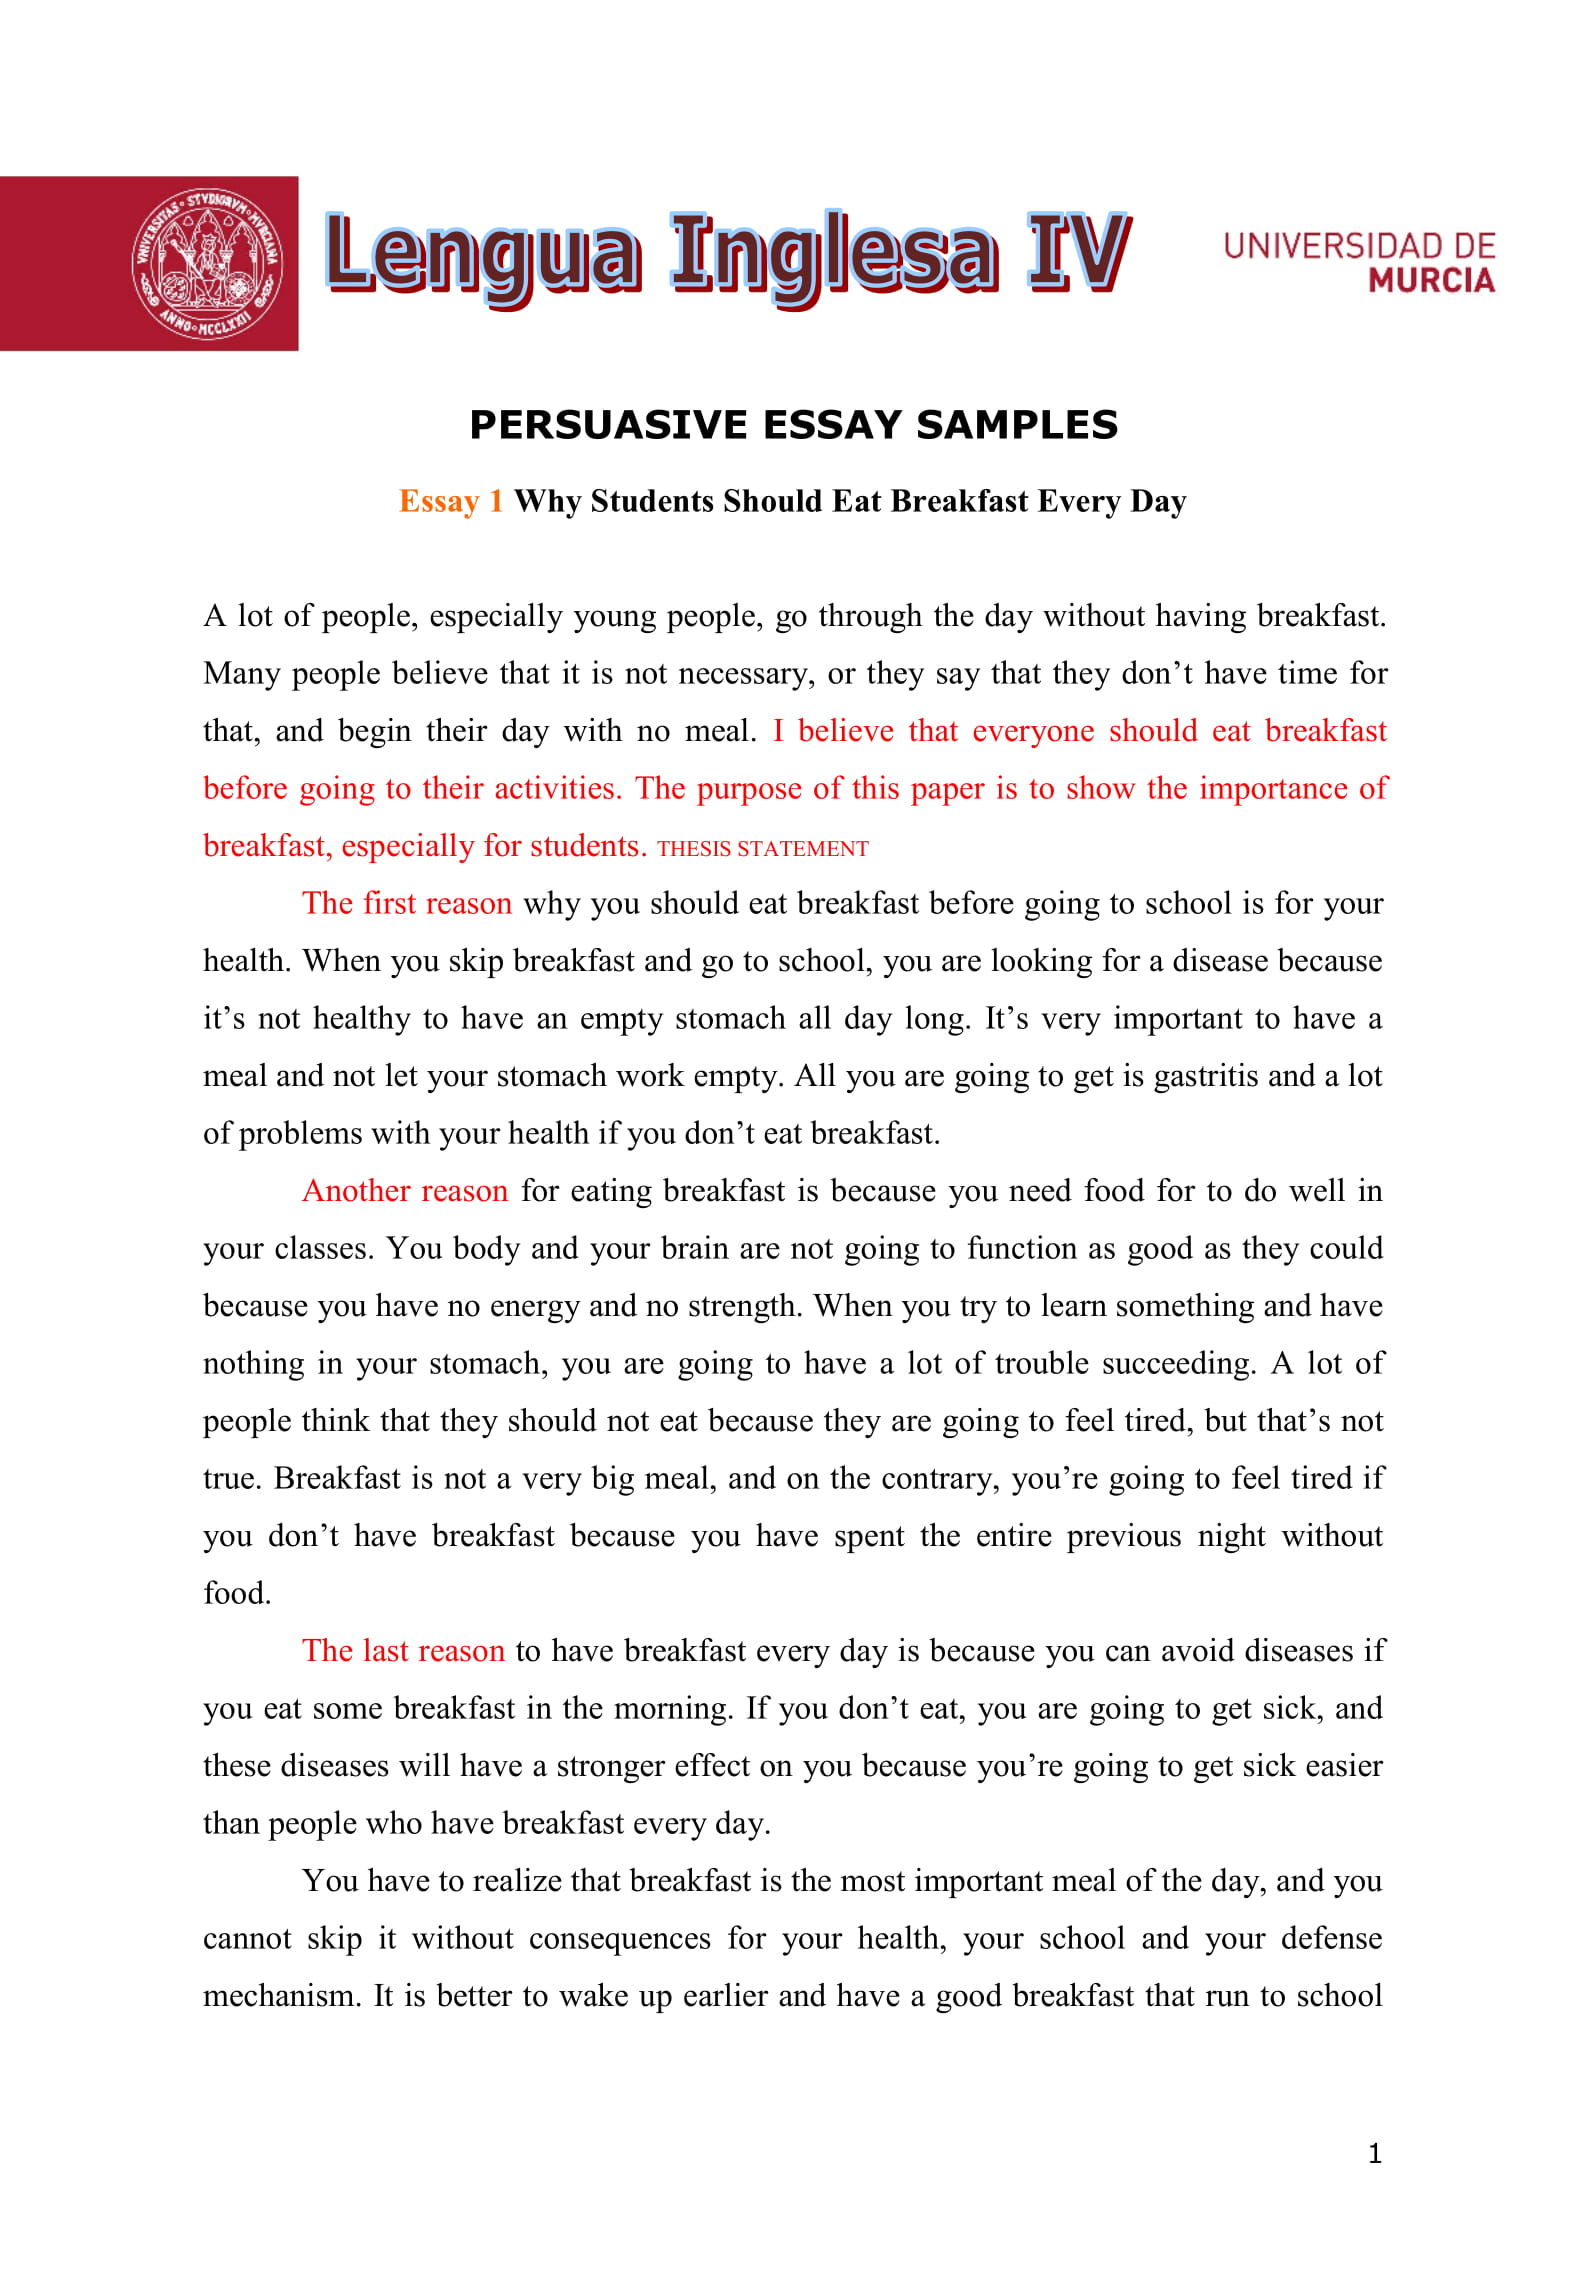 Introduction for an argumentative essay
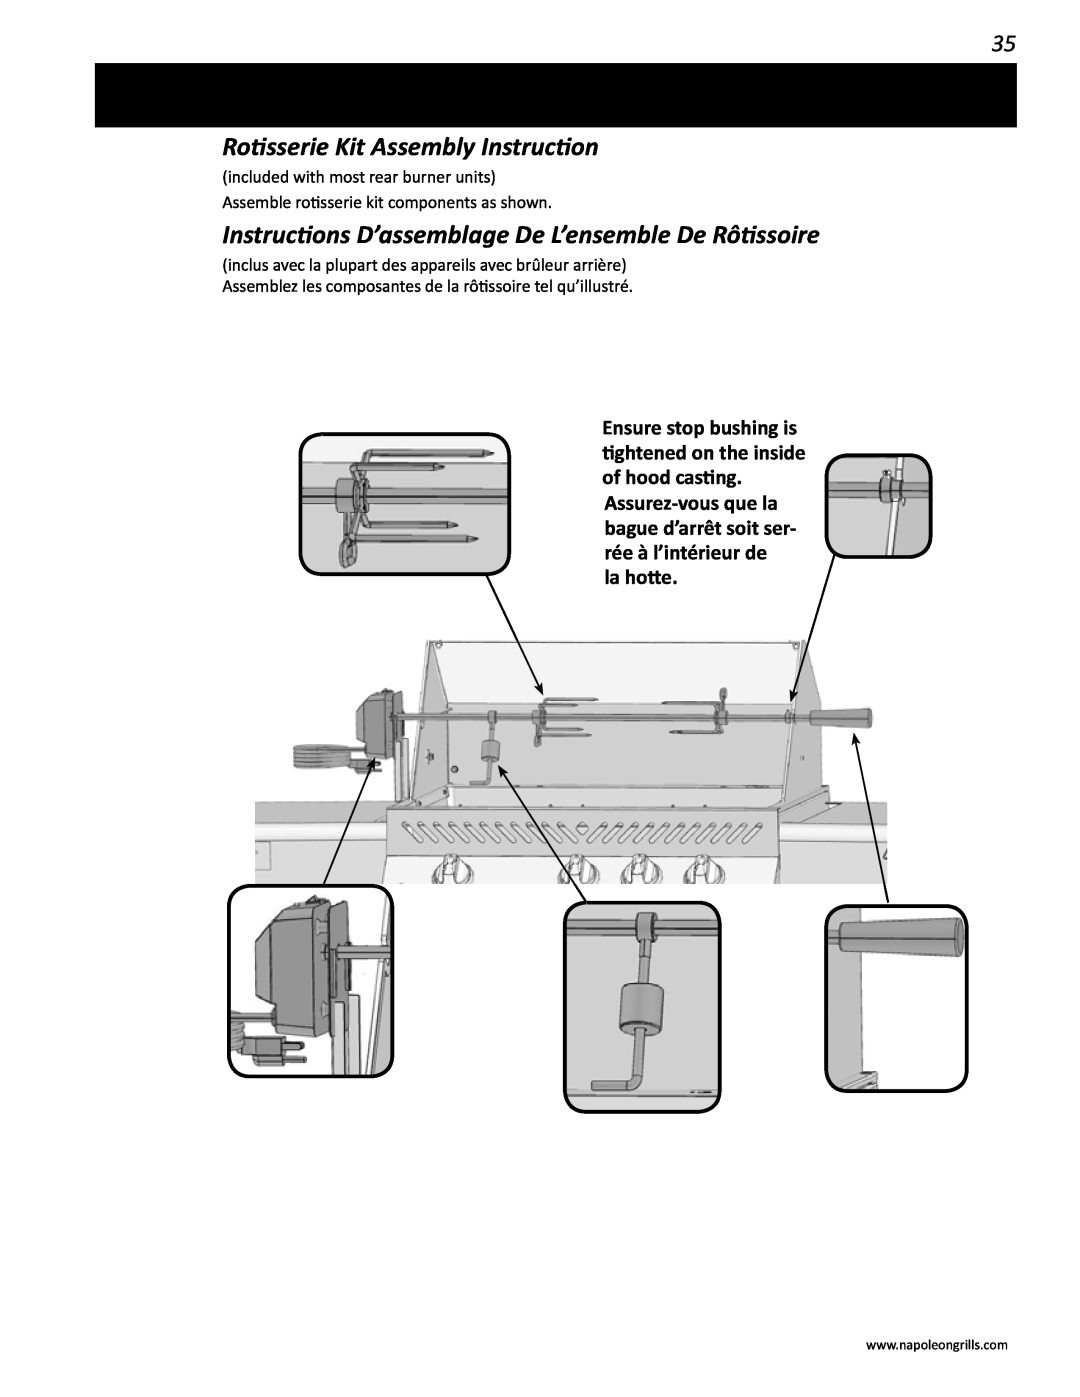 Napoleon Grills V 450, V 600 manual Rotisserie Kit Assembly Instruction 
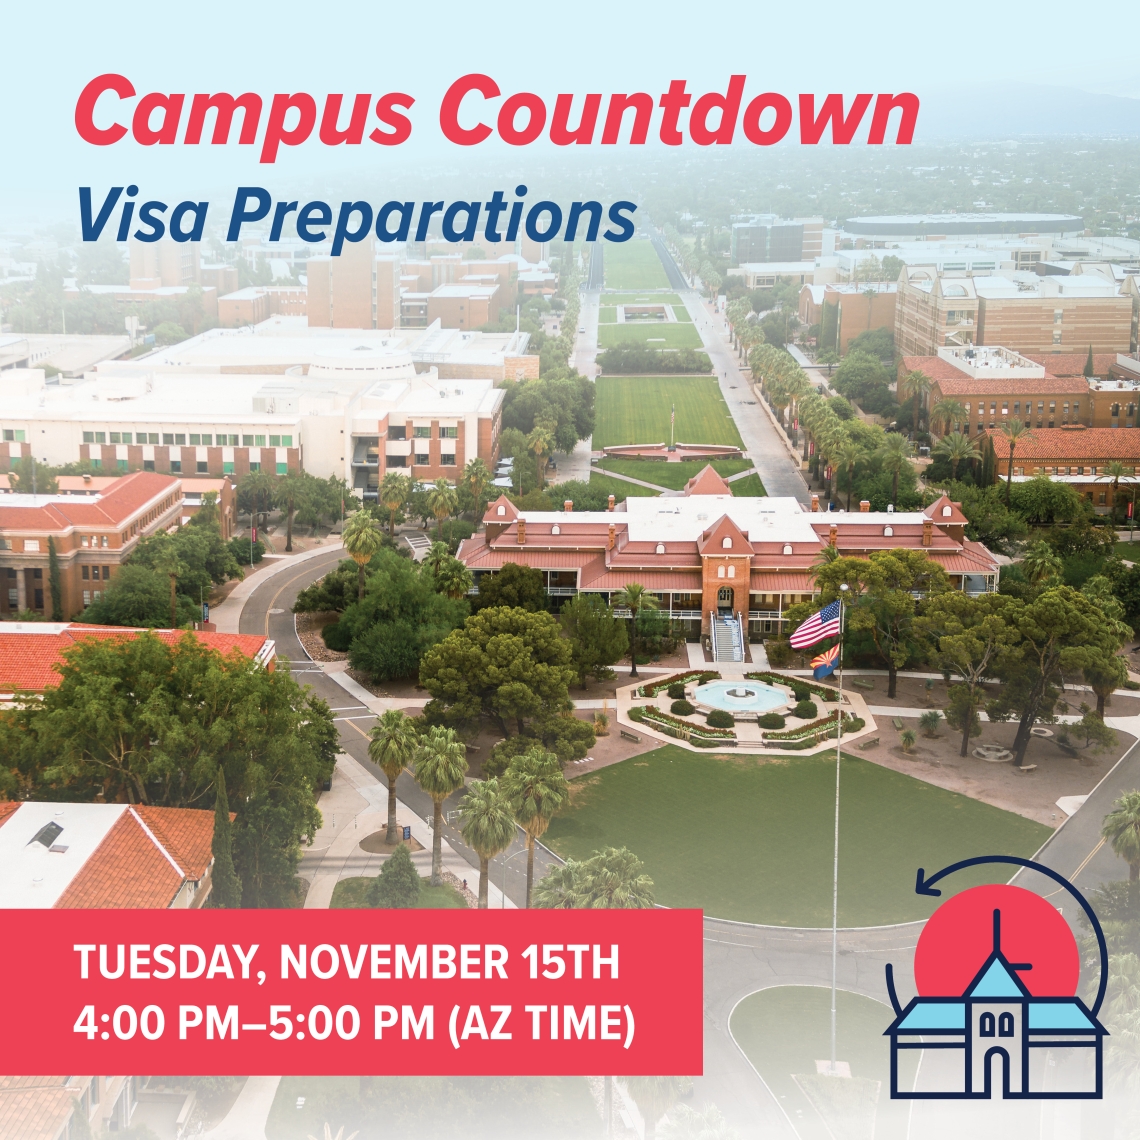 Campus Countdown Visa Preparations

=-=-=-=-=

Activity:
Return the listing above in an exact copy that leaves out the images.

Your solution:
 Introduction for an argumentative essay
 Napoleon Grills V 450, V 600 manual Rotisserie Kit Assembly Instruction 
 Campus Countdown Visa Preparations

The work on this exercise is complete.